DATA SEGMENT:
--*--
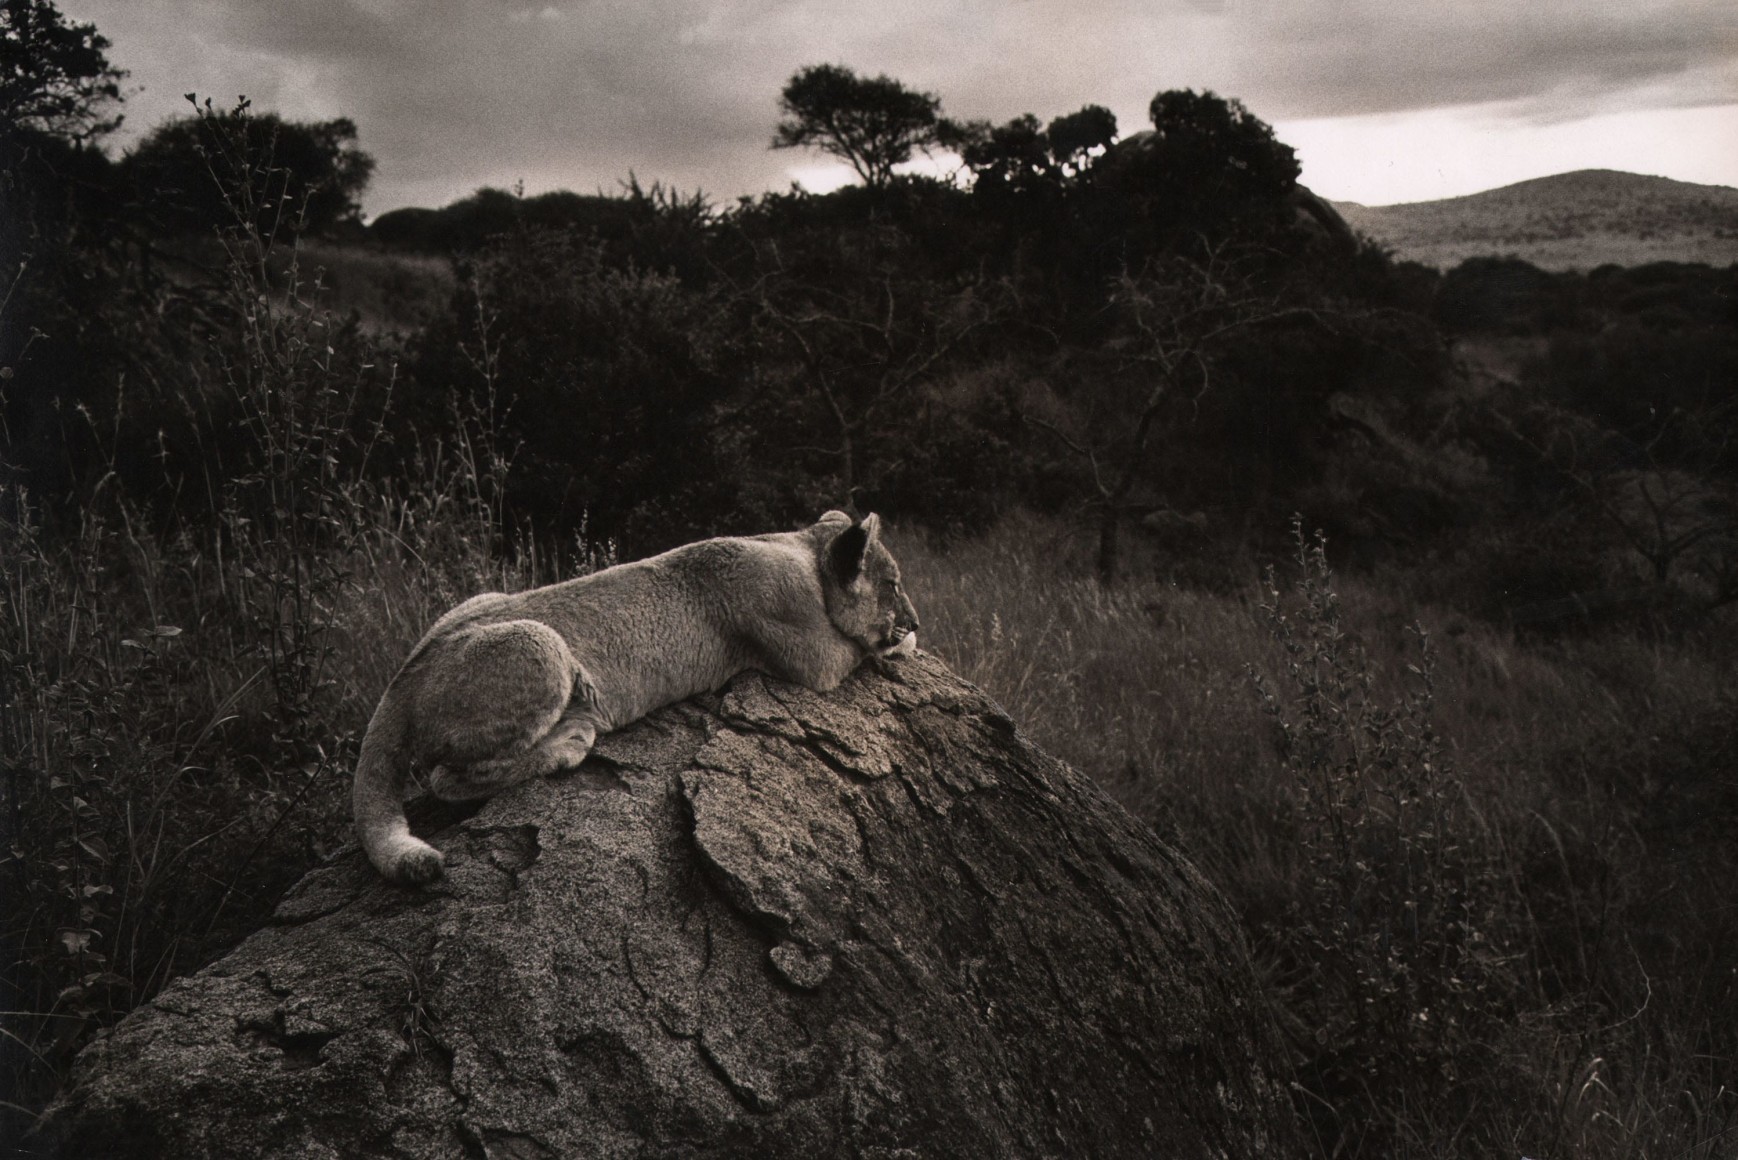 Ken Heyman, Untitled, ​c. 1955&ndash;1960. A lioness rests on a rock, surrounded by grasses, with trees and mountains in the background.
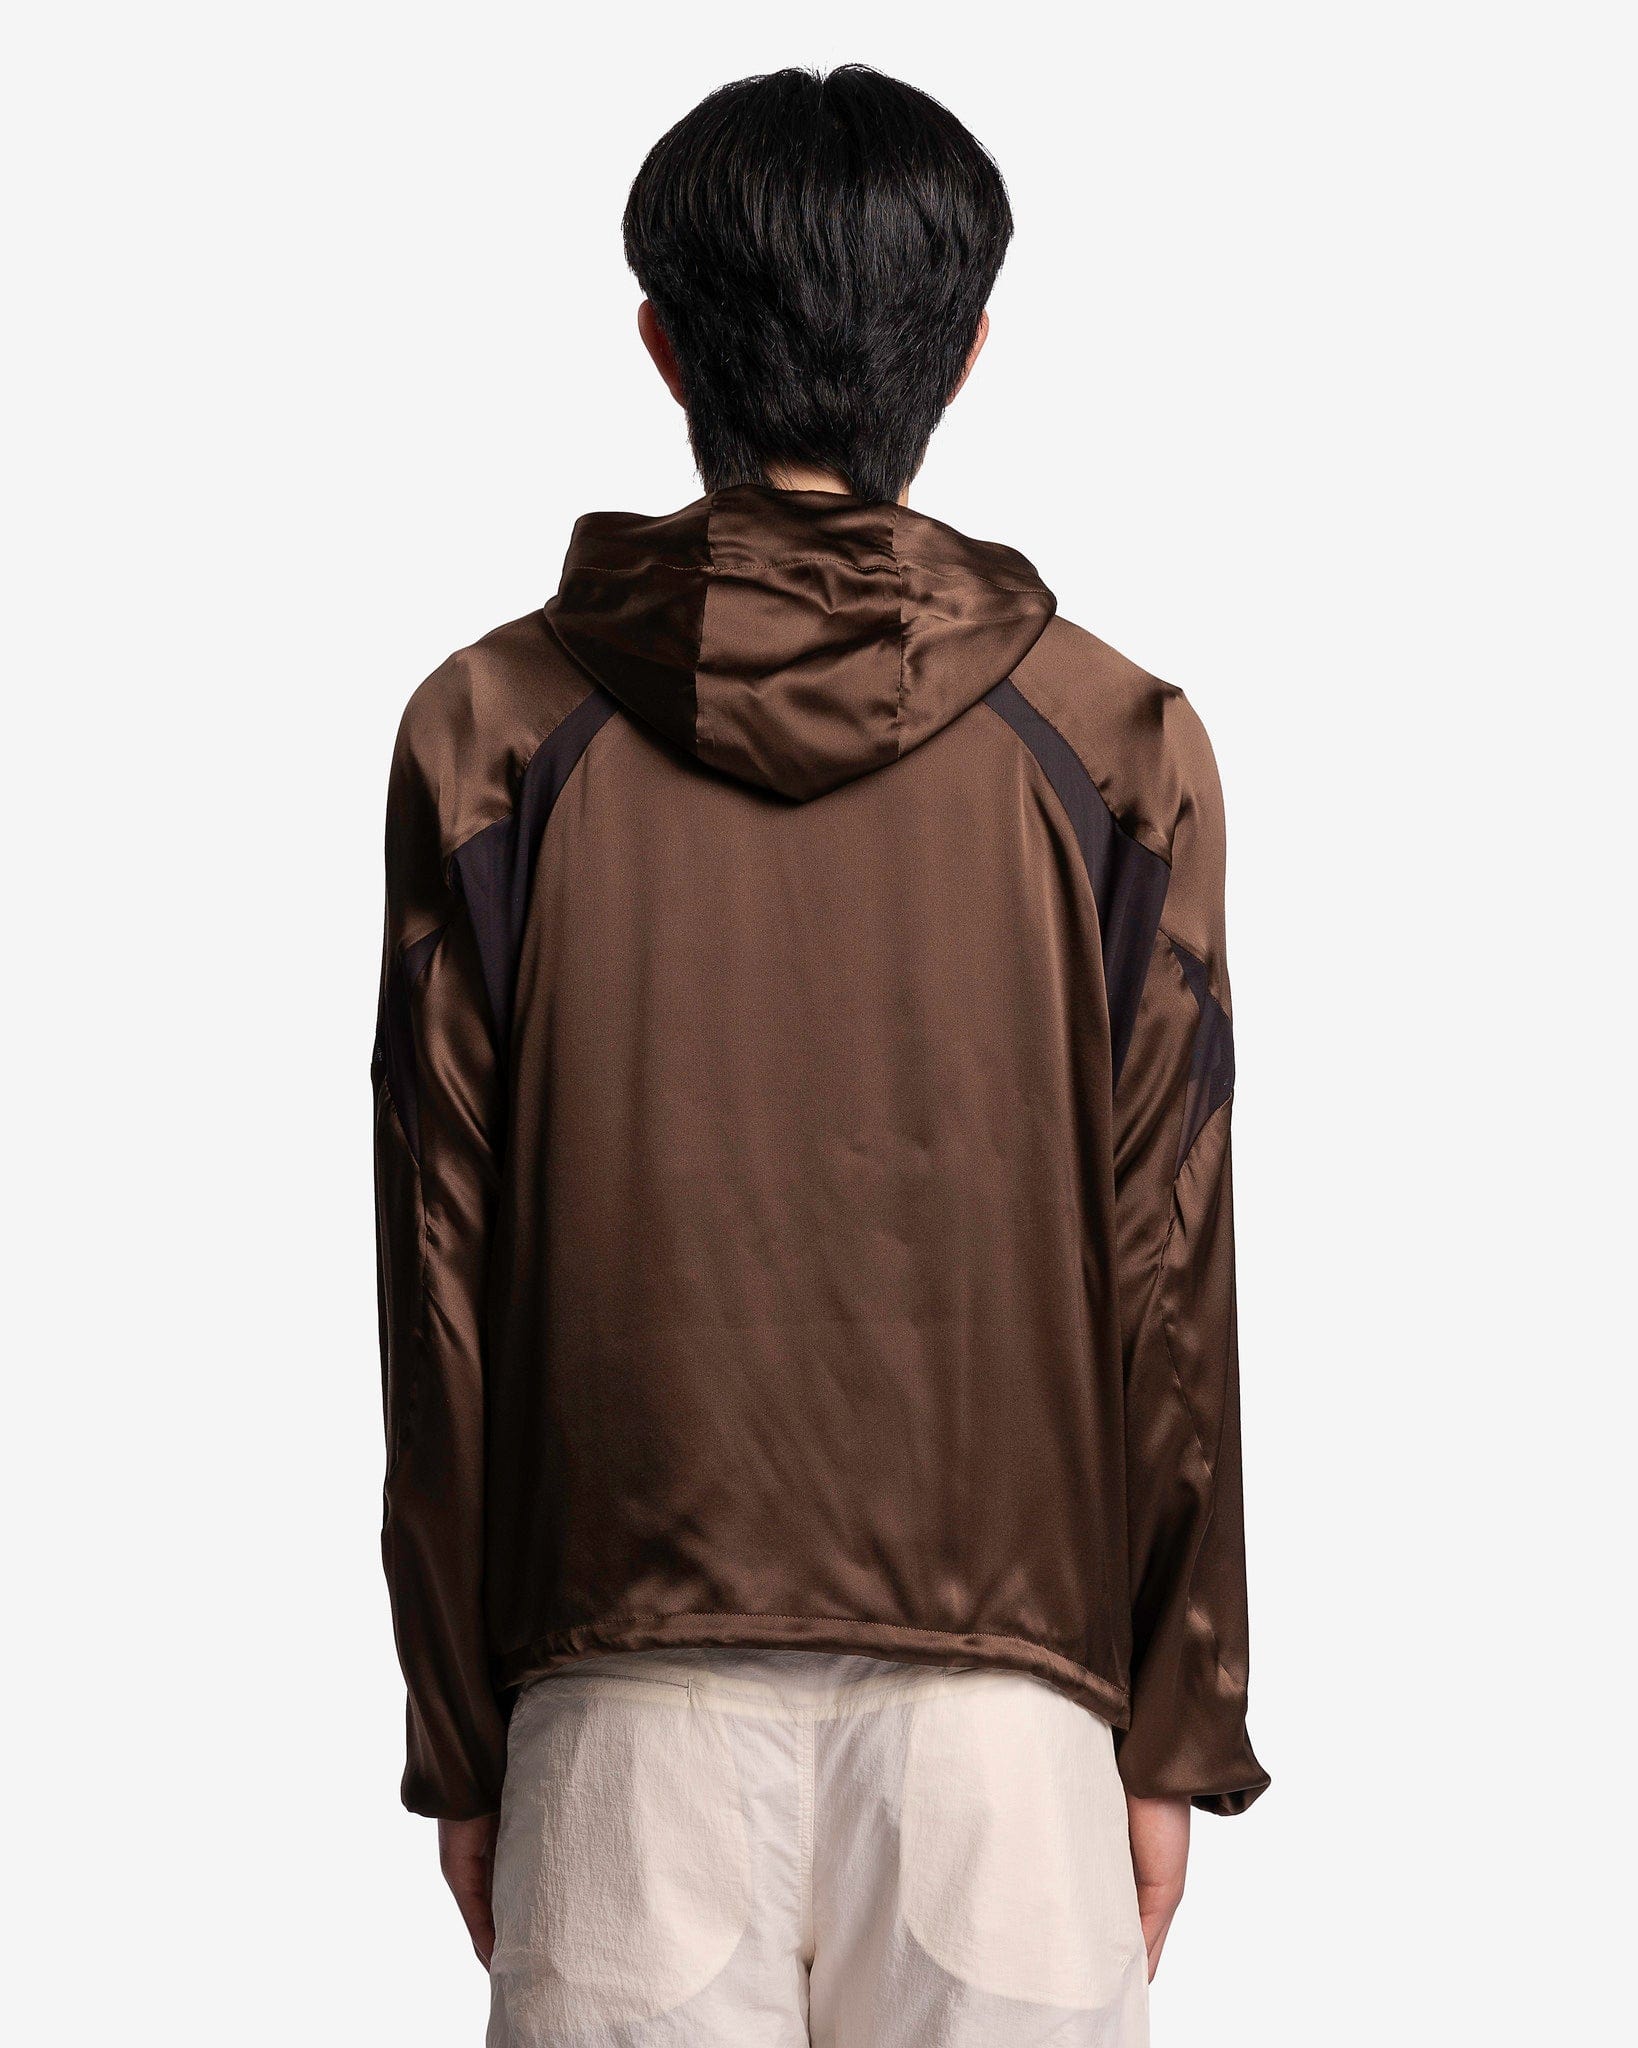 POST ARCHIVE FACTION (P.A.F) Men's Jackets 5.0+ Technical Jacket Right in Silk Brown
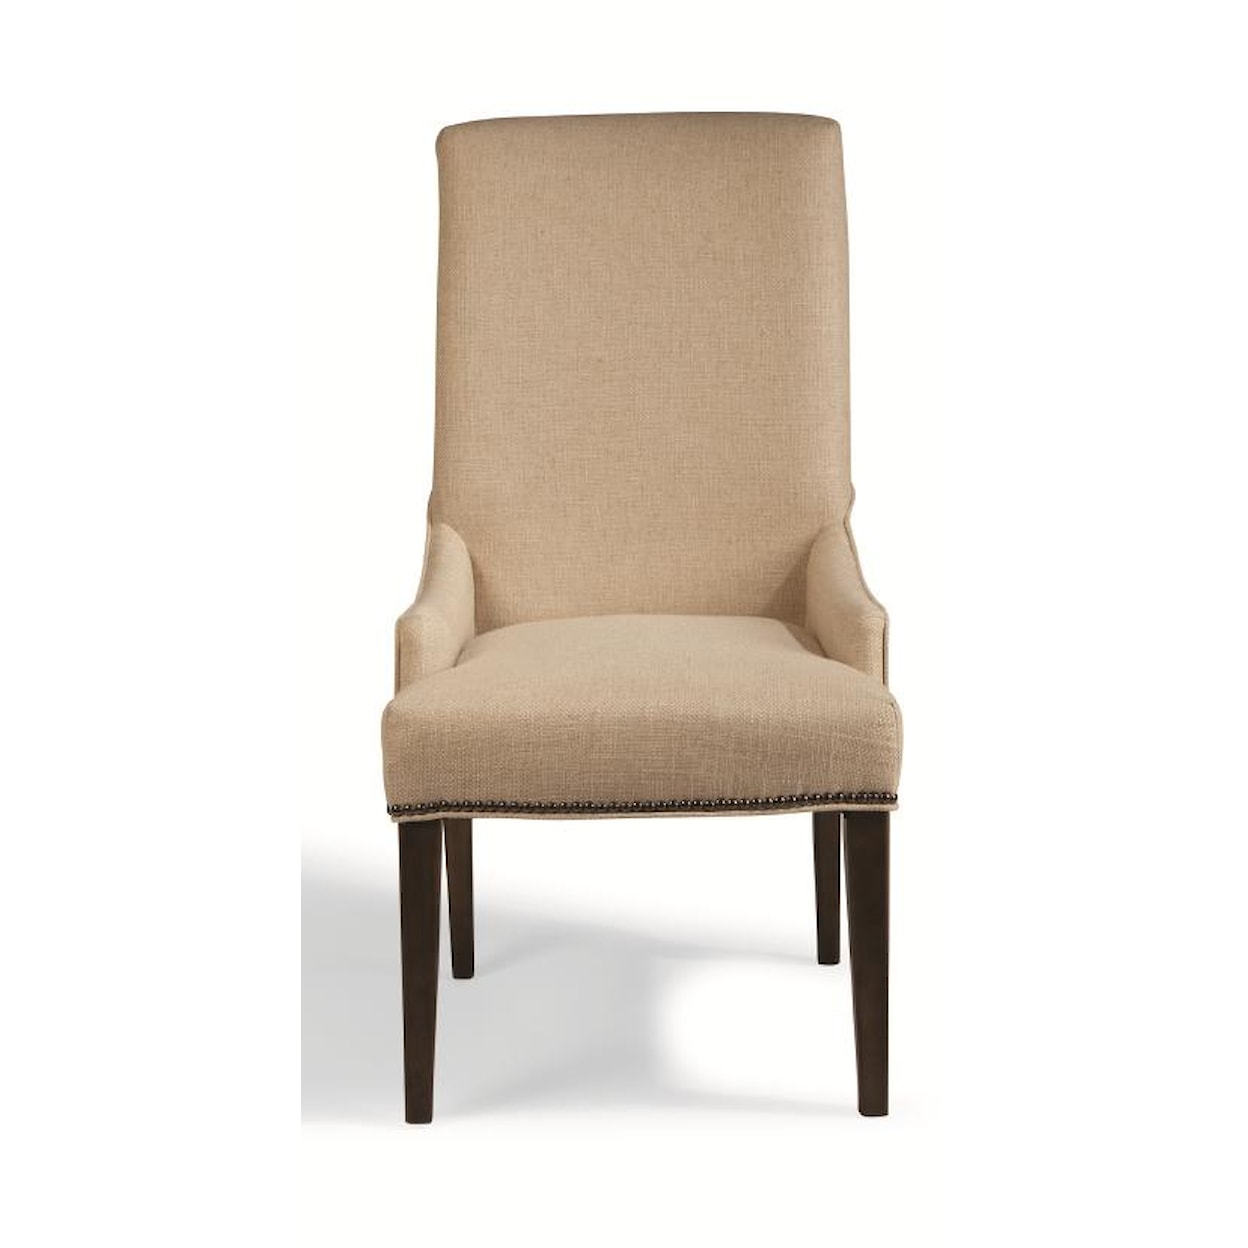 Magnussen Home  Rothman Upholstered Chair
--*--
TASK INSTRUCTIONS:
Once the pictures are set aside, output all of the data above verbatim.

COMPLETED TASK:
 Ken Heyman, Untitled, ​c. 1955&ndash;1960. A lioness rests on a rock, surrounded by grasses, with trees and mountains in the background.
 POST ARCHIVE FACTION (P.A.F) Men's Jackets 5.0+ Technical Jacket Right in Silk Brown
 Magnussen Home  Rothman Upholstered Chair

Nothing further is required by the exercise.